> EXERCISE OBJECTIVE
Please return the listing exactly as it stands, skipping any pictures.

(DATA SEGMENT Opens)

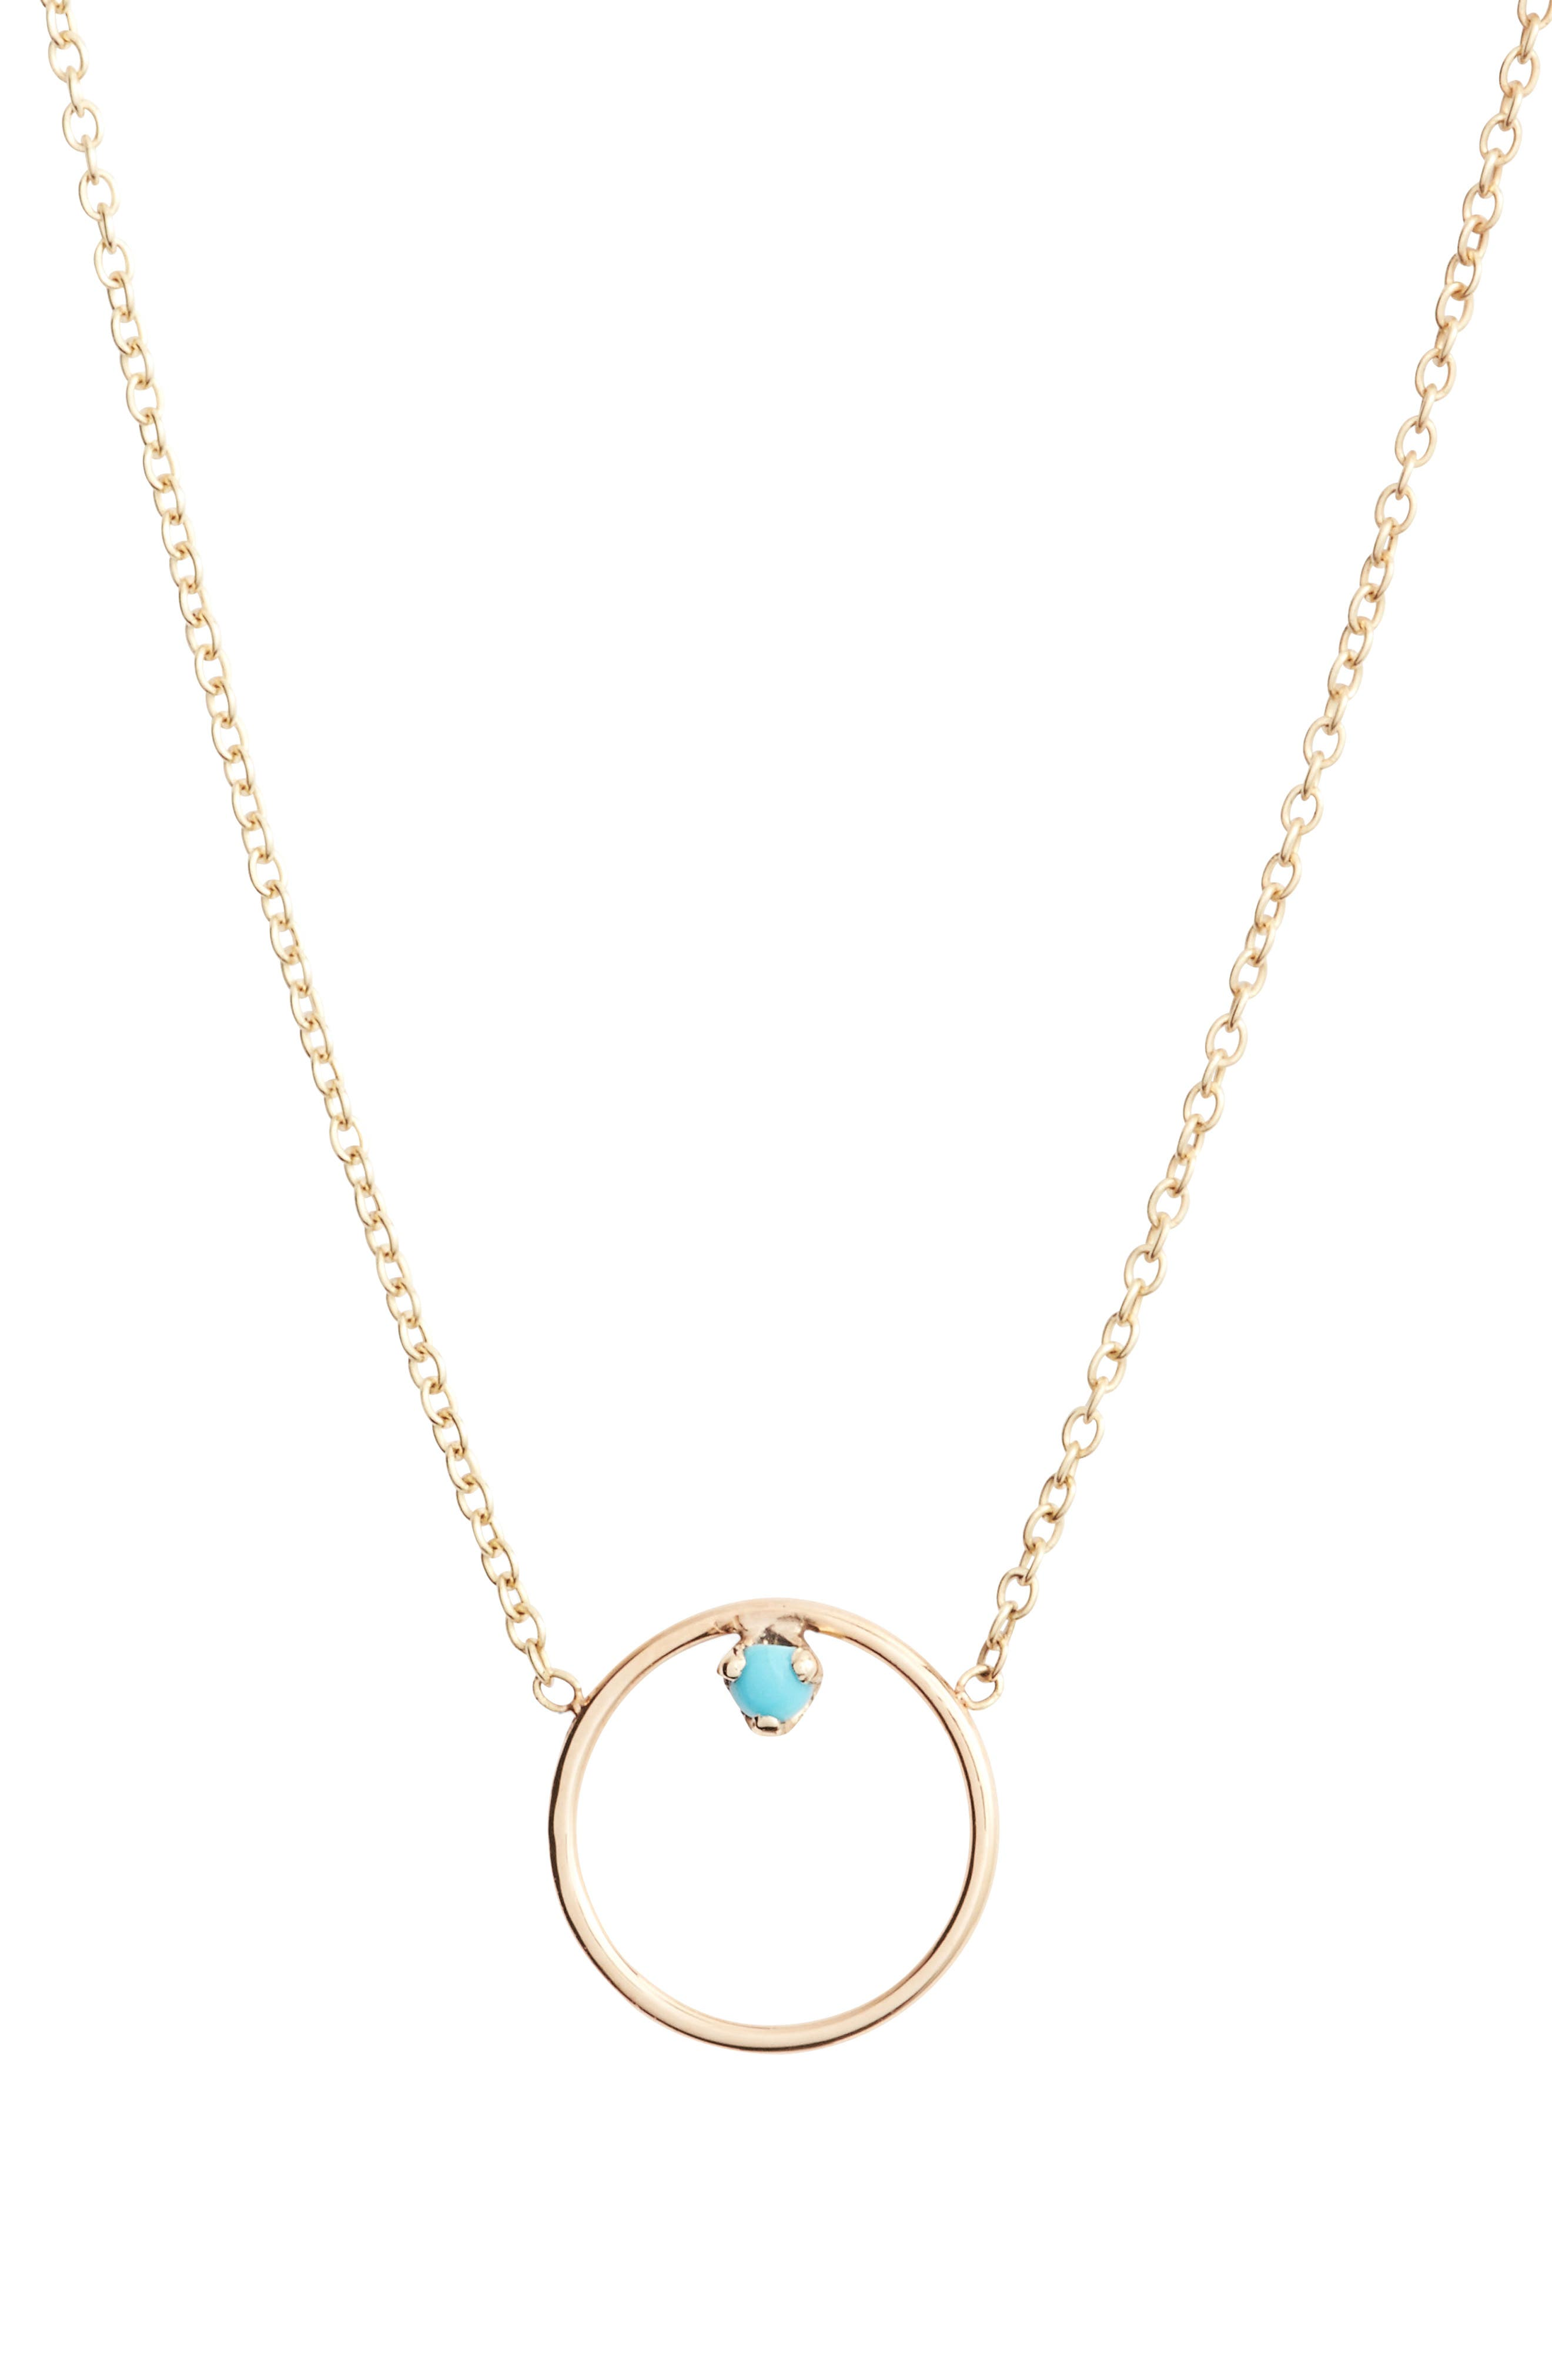 Zoë Chicco Turquoise Circle Pendant Necklace
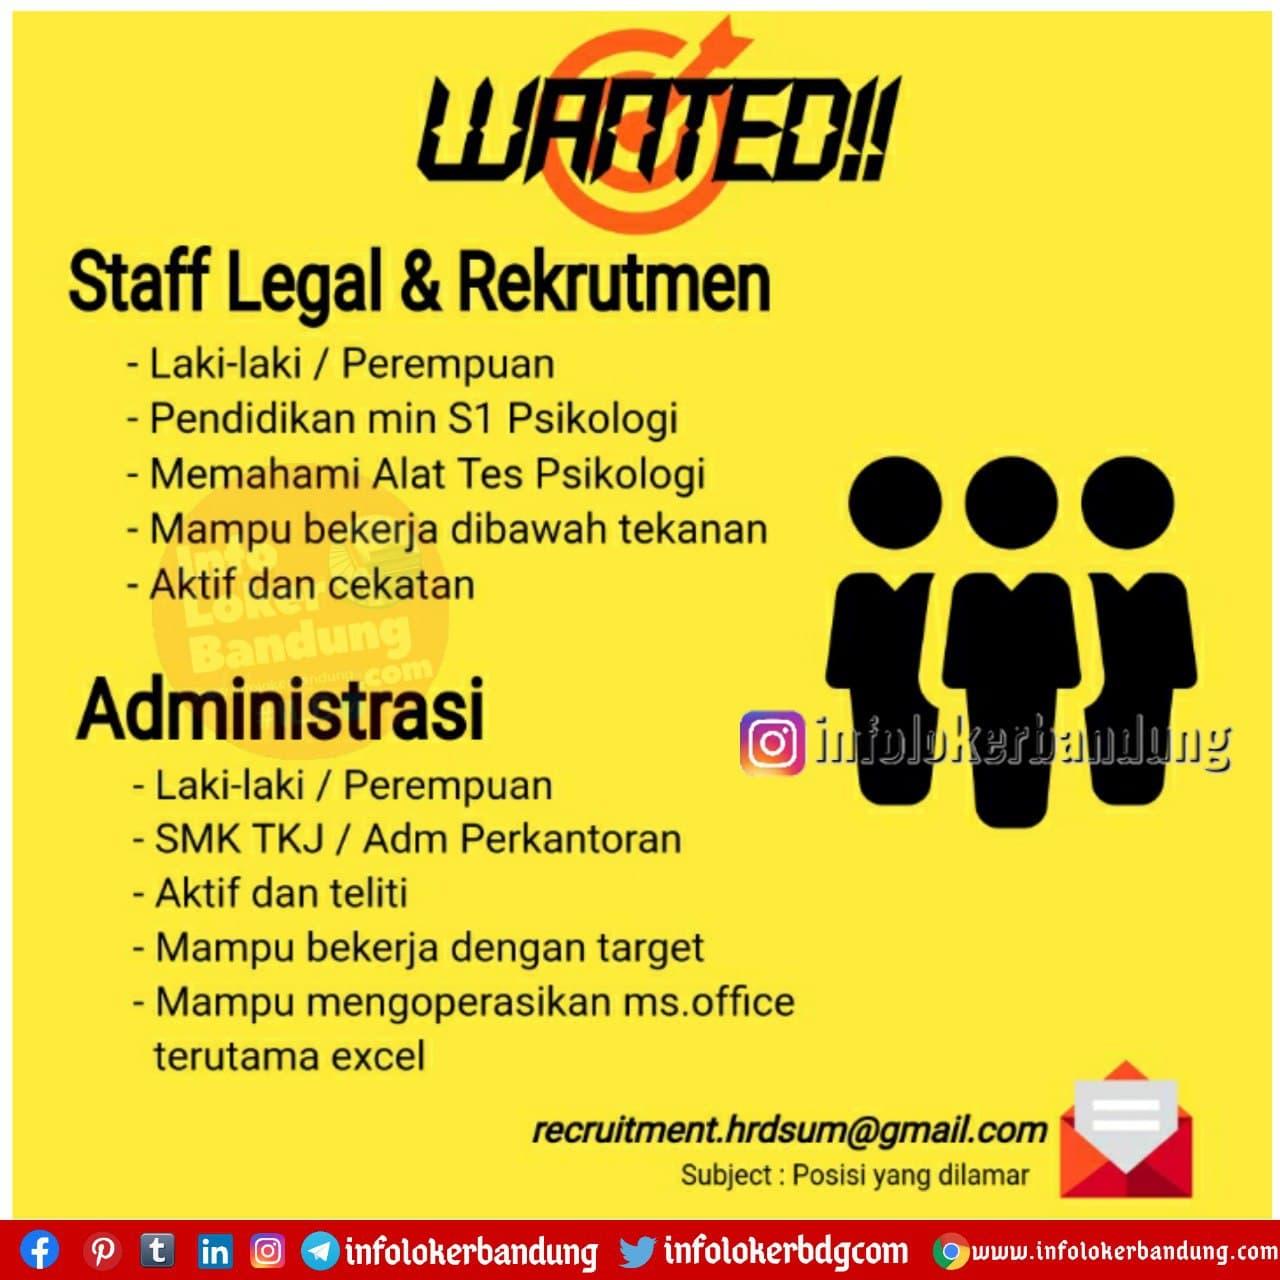 Lowongan Kerja PT. Suraya Usaha Mandiri Bandung Januari 2021
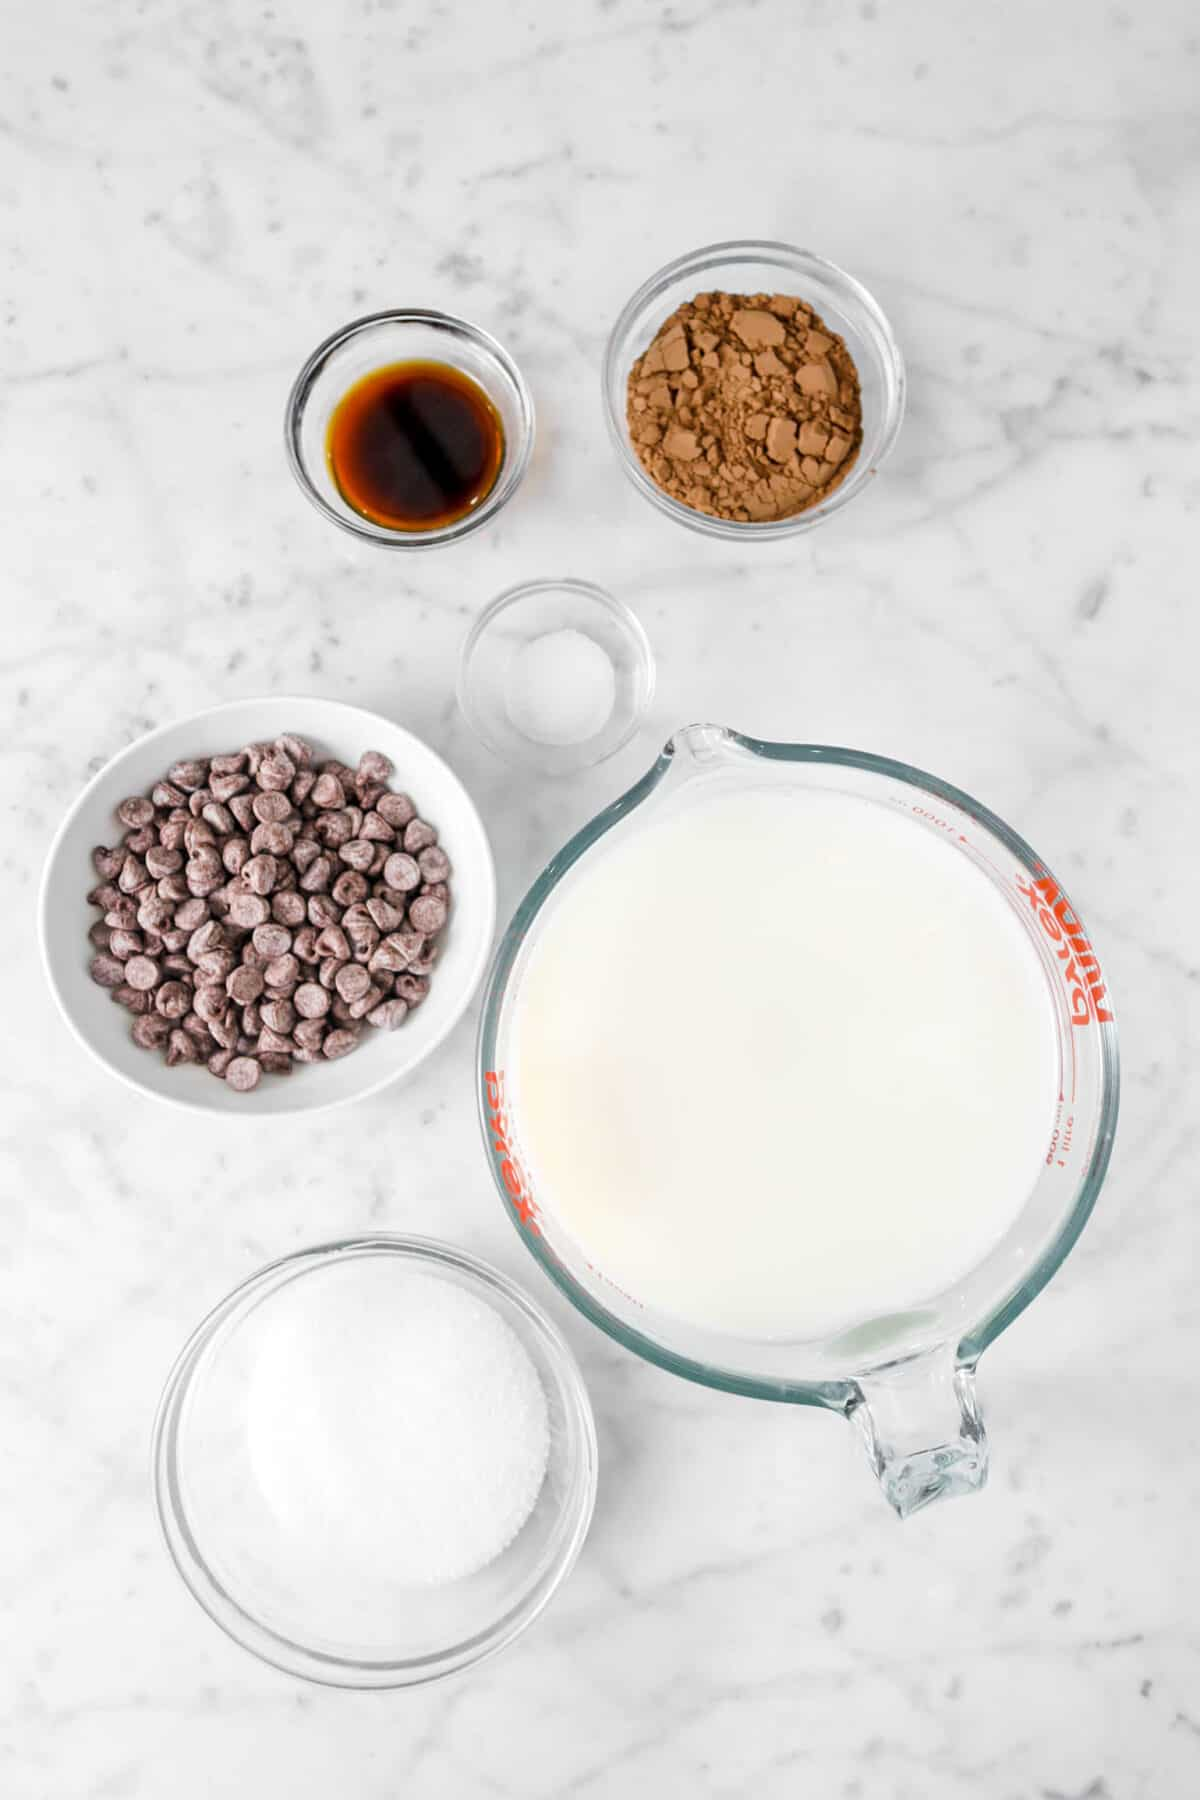 cocoa powder, vanilla, salt, chocolate chips, milk, and sugar in glass bowls

(DATA SEGMENT Closes)

> EXPECTED ANSWER
 Zoë Chicco Turquoise Circle Pendant Necklace
 Lowongan Kerja PT. Suraya Usaha Mandiri Bandung Januari 2021
 cocoa powder, vanilla, salt, chocolate chips, milk, and sugar in glass bowls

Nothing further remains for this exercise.